Install only if you intentionally want to publish your OpenClaw API on the internet. Review the scripts first, install Homebrew and Tailscale yourself if possible, do not share the generated credentials broadly, rotate the token after any sharing, and verify authentication is working before leaving Funnel enabled.

SkillSpector

By NVIDIA
Vulnerability Patterns
  • Data ExfiltrationExternal Transmission, Env Variable Harvesting, File System Enumeration
  • Privilege EscalationExcessive Permissions, Sudo/Root Execution, Credential Access
  • Excessive AgencyUnrestricted Tool Access, Autonomous Decision Making, Scope Creep
  • Trigger AbuseOverly Broad Trigger, Shadow Command Trigger, Keyword Baiting Trigger
  • MCP Least PrivilegeUnderdeclared Capability, Wildcard Permission, Missing Permission Declaration
Findings (24)

Lp3

Medium
Category
MCP Least Privilege
Confidence
94% confidence
Finding
The skill invokes shell scripts but does not declare permissions, which hides its true execution capabilities from users and any permission-gating system. In a skill whose purpose is to expose a local service publicly, undeclared shell access materially increases risk because it can install software, edit configuration, and restart services without clear upfront disclosure.

Tp4

High
Category
MCP Tool Poisoning
Confidence
98% confidence
Finding
The documented purpose understates the actual behavior: beyond connectivity setup, it appears to install/manage software, authenticate the user, change OpenClaw security settings, restart the gateway, test the exposed endpoint, and package credentials into a shareable folder.

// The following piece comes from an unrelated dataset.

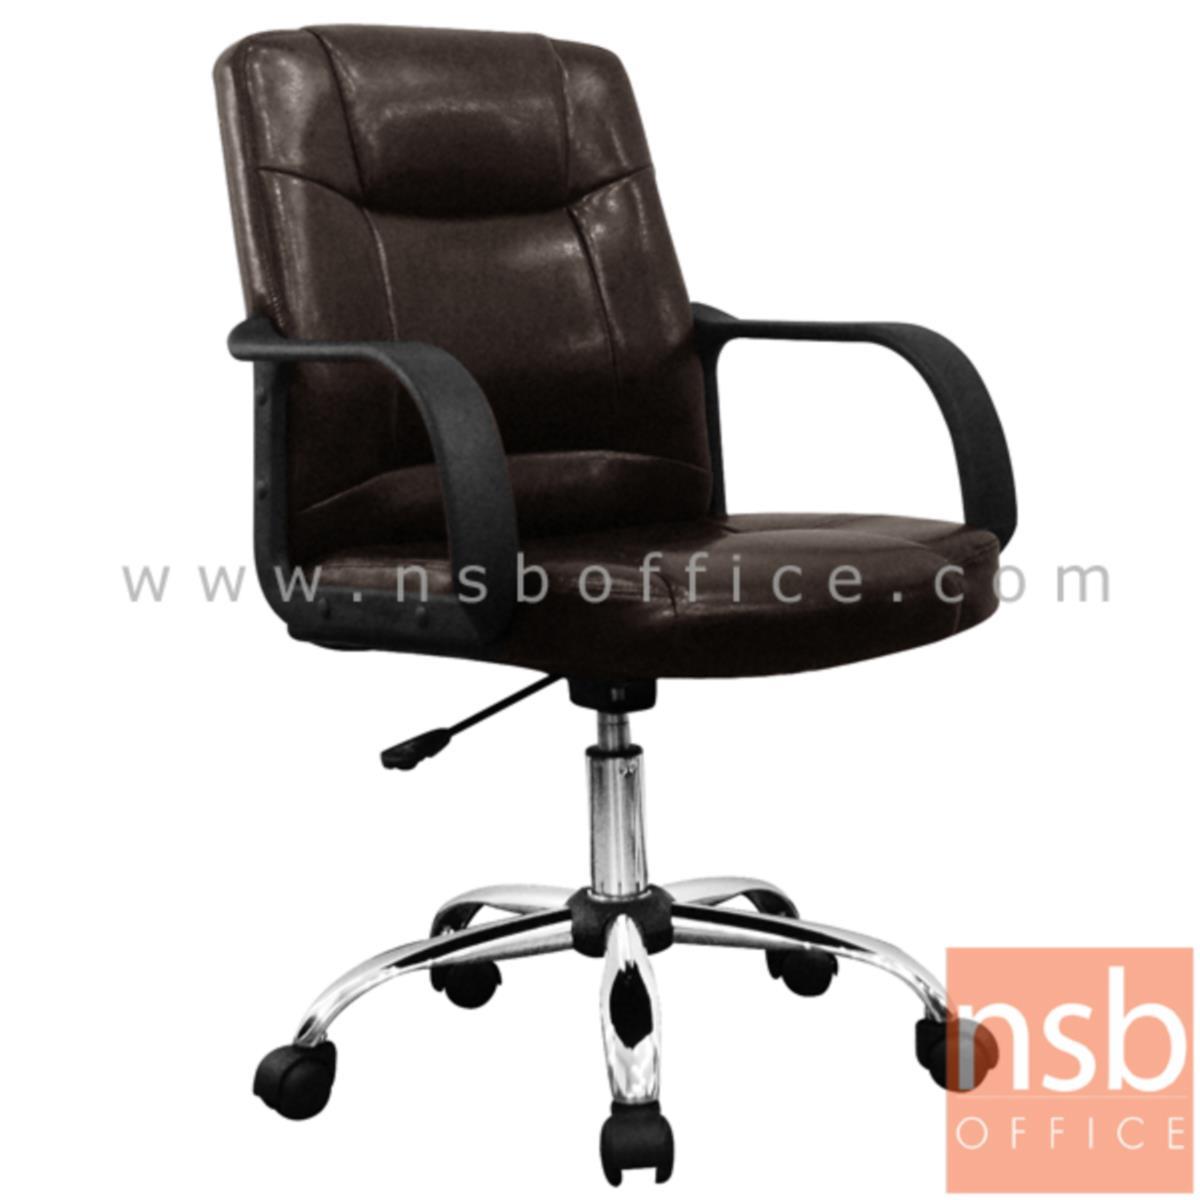 B03A326:เก้าอี้สำนักงาน รุ่น Aucoin (ออคอยน์)  โช๊คแก๊ส ขาเหล็กชุบโครเมี่ยม

That mismatch prevents informed consent and can lead users to approve a much broader and riskier workflow than expected, including credential handling and public exposure of a local service.

Description-Behavior Mismatch

Medium
Confidence
91% confidence
Finding
The README explicitly instructs users to create and share a package containing live credentials and test tooling for third parties. That goes beyond merely enabling connectivity and directly encourages distribution of reusable API access, which meaningfully increases the chance of unauthorized use, credential leakage, and loss of control over the exposed OpenClaw instance.

Description-Behavior Mismatch

Low
Confidence
80% confidence
Finding
The README documents persistent storage of an authentication token in a local credentials file and instructions for regeneration/sharing, which expands the skill's effective behavior into credential lifecycle management. Persistent secret storage increases exposure if the host is compromised, backed up insecurely, or the file is mistakenly shared.

Description-Behavior Mismatch

Medium
Confidence
94% confidence
Finding
The script enables both chatCompletions and responses endpoints while the skill description only speaks about exposing OpenClaw publicly via an ecto connection. Expanding externally reachable API surface beyond what users are told increases attack surface and can unintentionally expose additional functionality to the internet.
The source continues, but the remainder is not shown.